Variables you will want to pay attention to are:

  • ORA_CONN
  • ORA_ADM_PASS
  • ORA_APP_PASS
  • BIGQUERY_DATASET_LOCATION
  • OFFLOAD_FS_CONTAINER
  • OFFLOAD_FS_PREFIX

If using Dataproc to provide Spark:

  • GOOGLE_DATAPROC_CLUSTER
  • GOOGLE_DATAPROC_SERVICE_ACCOUNT
  • GOOGLE_DATAPROC_REGION

If using Dataproc Batches to provide Spark:

  • GOOGLE_DATAPROC_BATCHES_VERSION
  • GOOGLE_DATAPROC_SERVICE_ACCOUNT
  • GOOGLE_DATAPROC_REGION
  • GOOGLE_DATAPROC_BATCHES_SUBNET

Install database objects

To install supporting database objects you need access to a database admin account that can create users, grant them system privileges and create objects in the schemas created. SYSTEM has been used in the example below but this is not a necessity:

cd ${OFFLOAD_HOME}/setup
sqlplus system@yourhost:1521/yoursvc
@install_offload

In a SQL*Plus session change the passwords for the GOE_ADM and GOE_APP users to match the values in the offload.env configuration file:

alter user goe_adm identified by ...;
alter user goe_app identified by ...;

Building a custom package

If you want to test with the latest commits that have not yet been included in a Github release you can build a custom package from the repository.

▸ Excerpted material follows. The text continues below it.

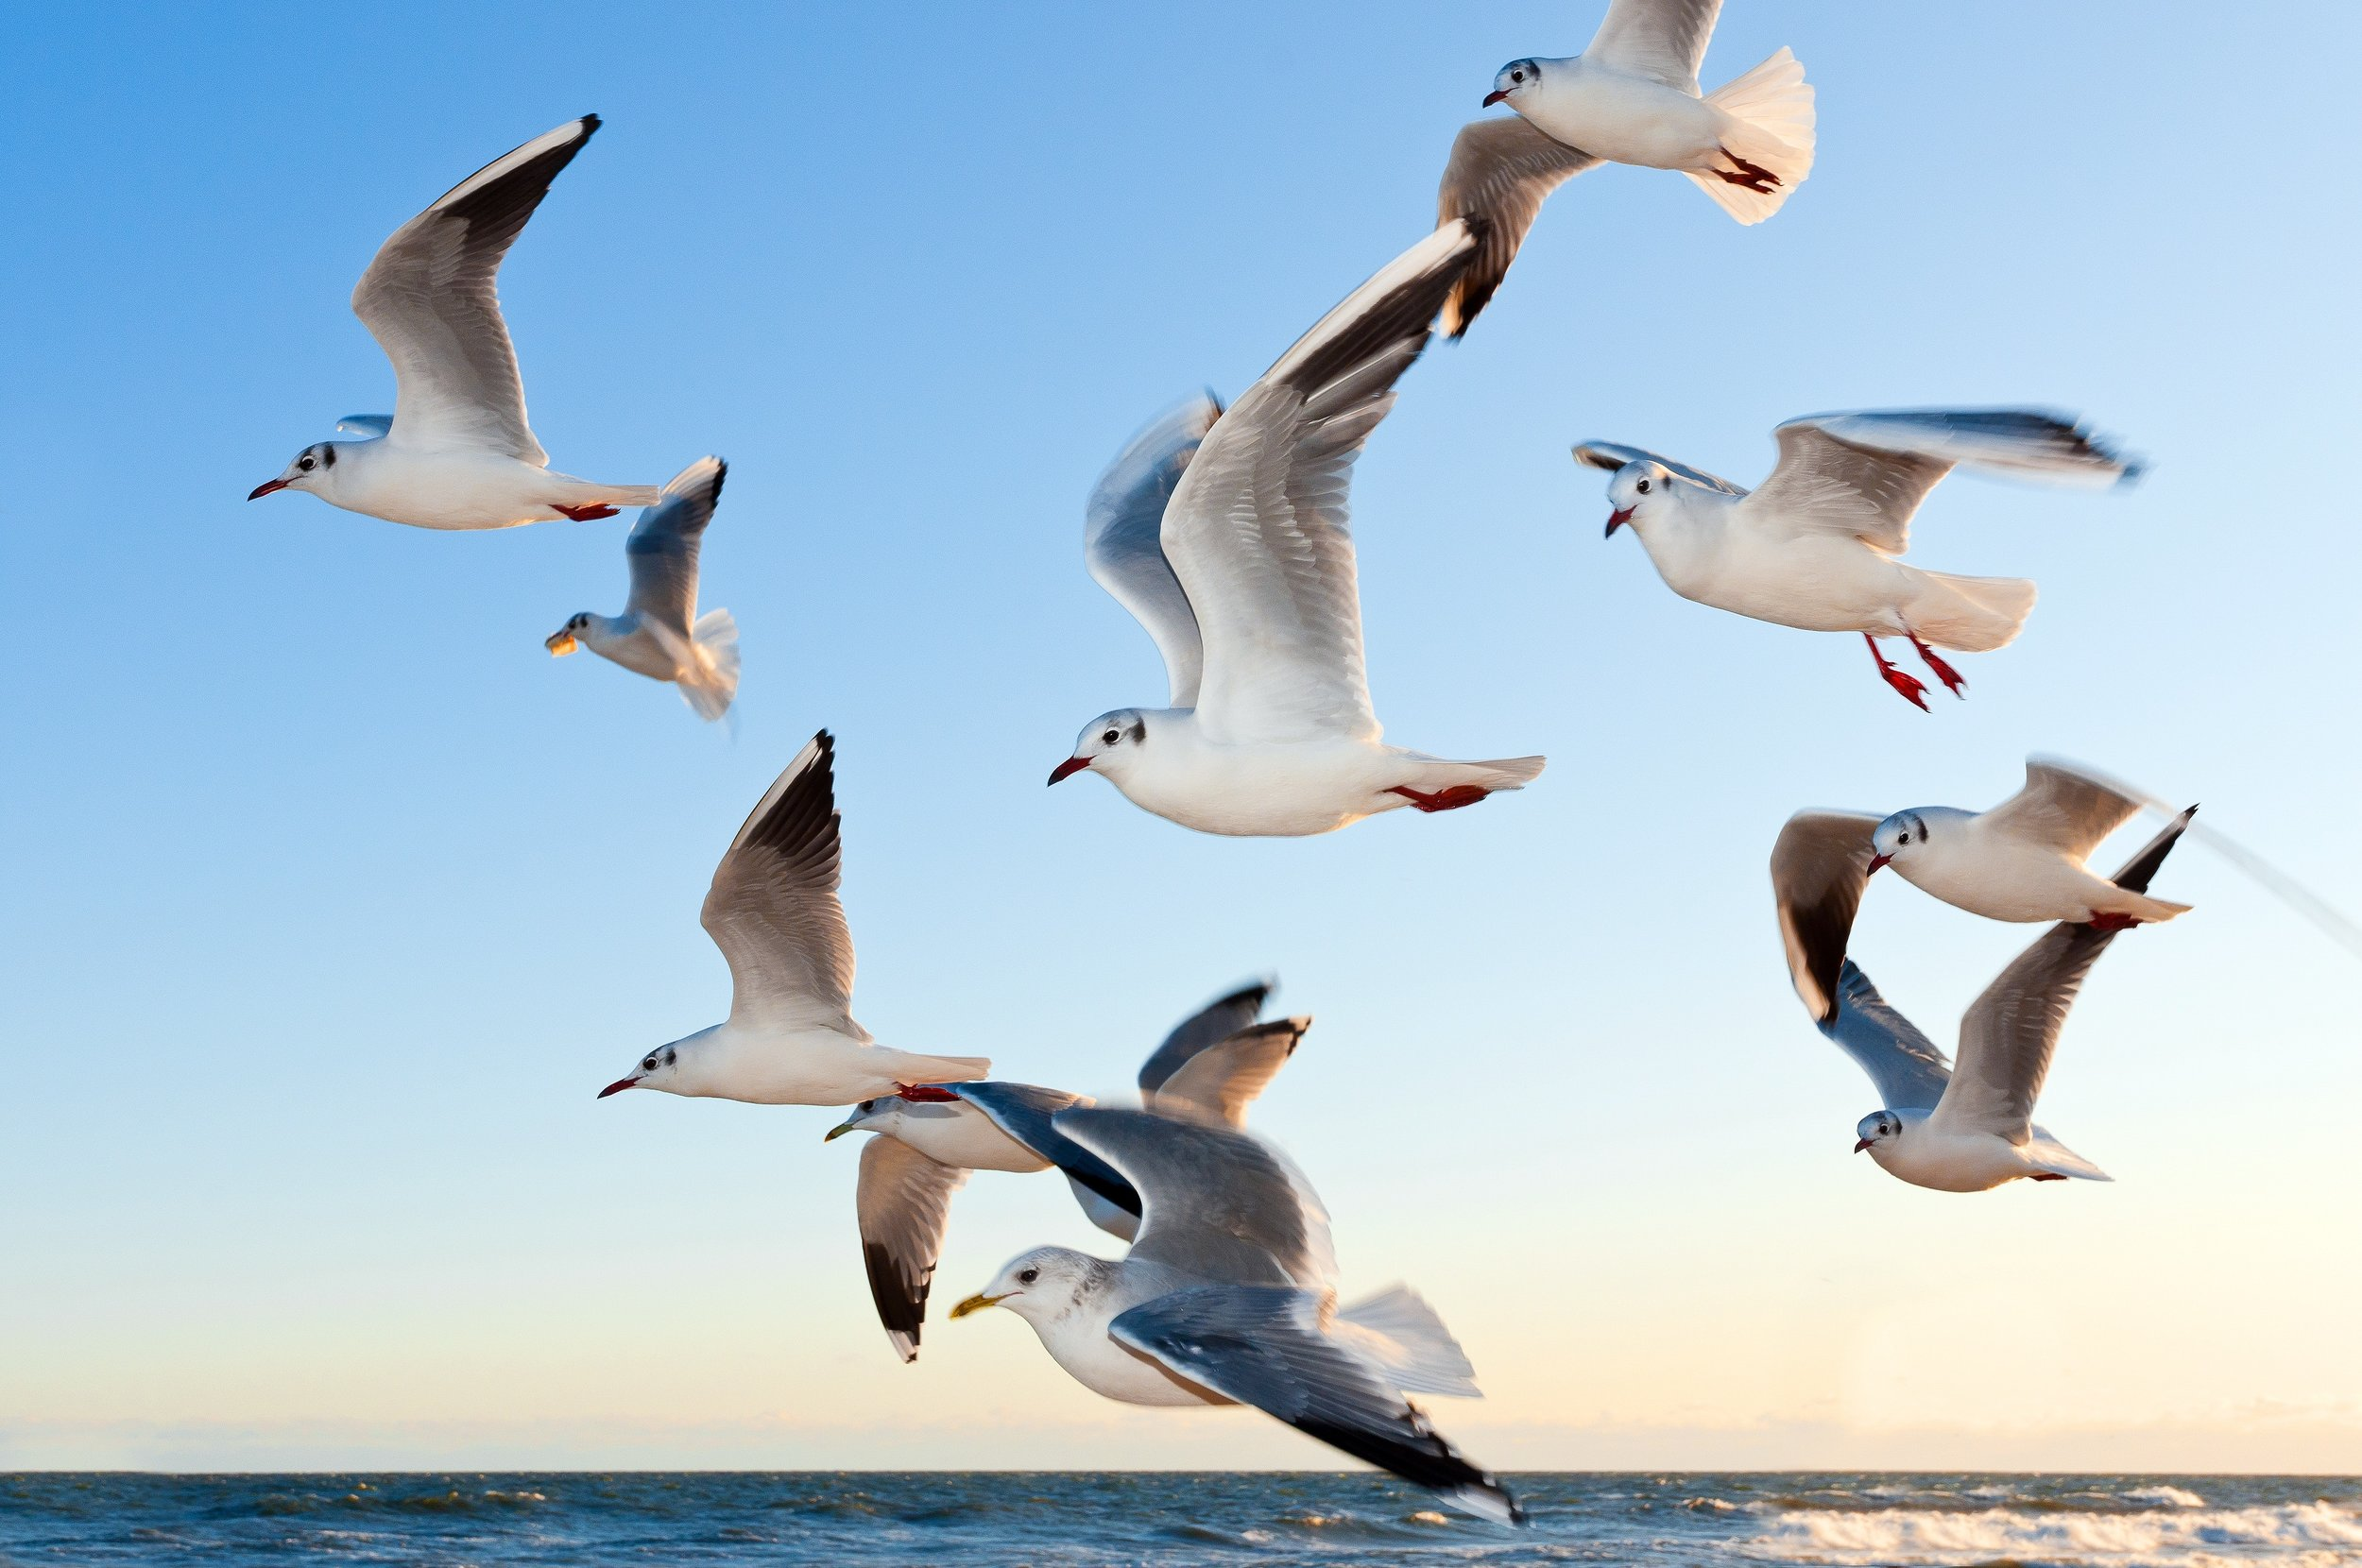 animals-birds-flying-54462.jpg
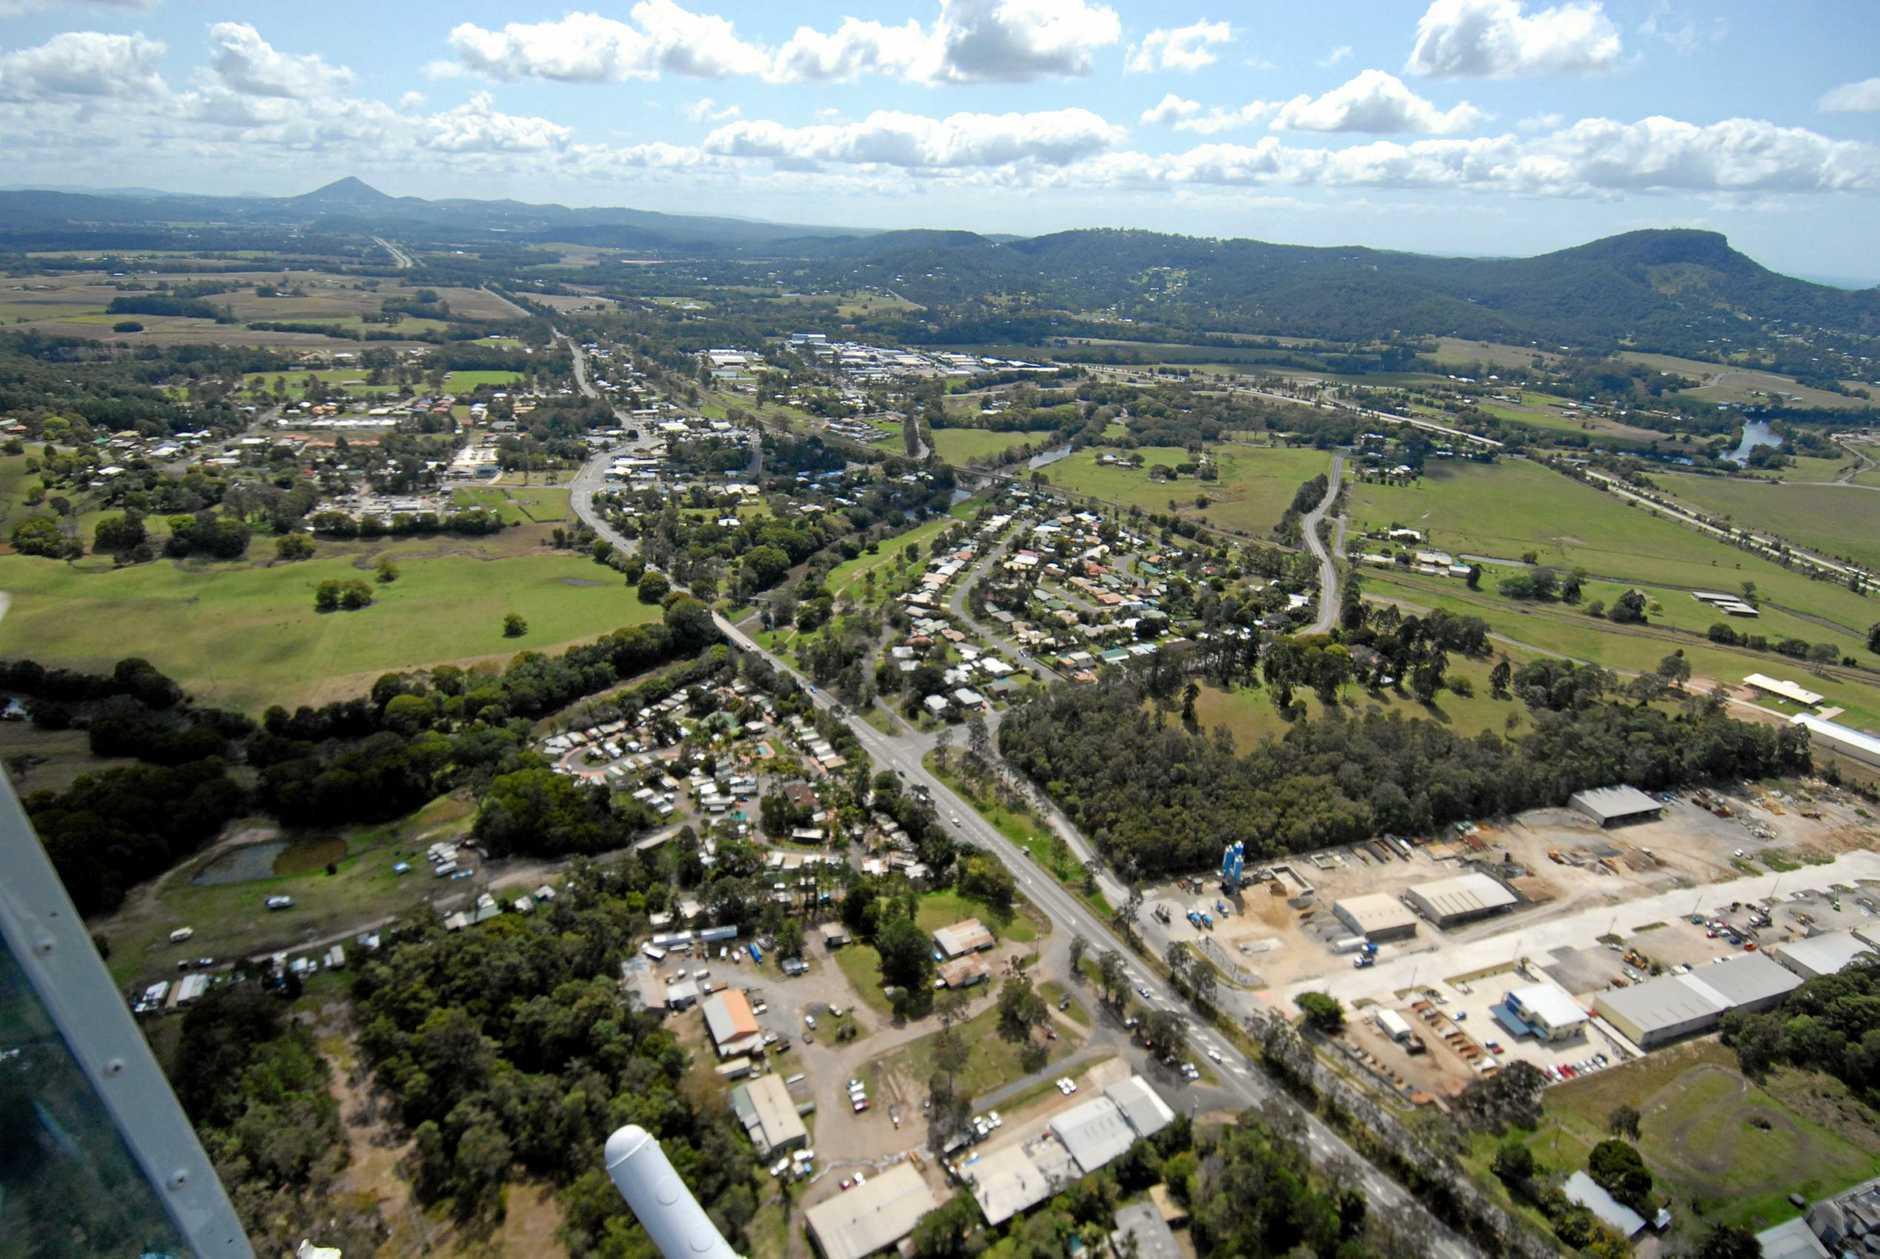 11/09/07       168853a8Aerial photos of the Sunshine Coast.YandinaPhoto Warren Lynam

Prepare the host/cloned repository

Debian prerequisites:

sudo apt-get -y install make python3-venv
java --version || sudo apt-get -y install default-jre

RHEL variant prerequisites:

sudo dnf -y install make
java --version || sudo dnf -y install java-11-openjdk

Install SBT in order to build the Spark Listener:

curl -fL https://github.com/coursier/coursier/releases/latest/download/cs-x86_64-pc-linux.gz | gzip -d > cs && chmod +x cs && ./cs setup && rm ./cs
. ~/.bash_profile

Make a GOE package

To create a package which contains all required artifacts for running GOE commands use the make target below:

make clean && make package

Install for development

To create a Python virtual environment and install all required dependencies into the repository directory:

make clean && make install-dev
source ./.venv/bin/activate
PYTHONPATH=${PWD}/src

This enables you to develop and/or run tests.

Note only the Python dependencies for Oracle and BigQuery are installed by default. To install all optional dependencies you can run this command:

make install-dev-extras

Running commands

Activate the GOE Python virtual environment:

source ./.venv/bin/activate

Checking connectivity:

cd bin
./connect

Running an Offload:

cd bin
./offload -t my.table -x

Tests

See Tests

Project details


Download files

Download the file for your platform. If you're not sure which to choose, learn more about installing packages.

Source Distribution

goe_framework-1.0.6.tar.gz (668.3 kB view details)

Uploaded Source

Built Distribution

If you're not sure about the file name format, learn more about wheel file names.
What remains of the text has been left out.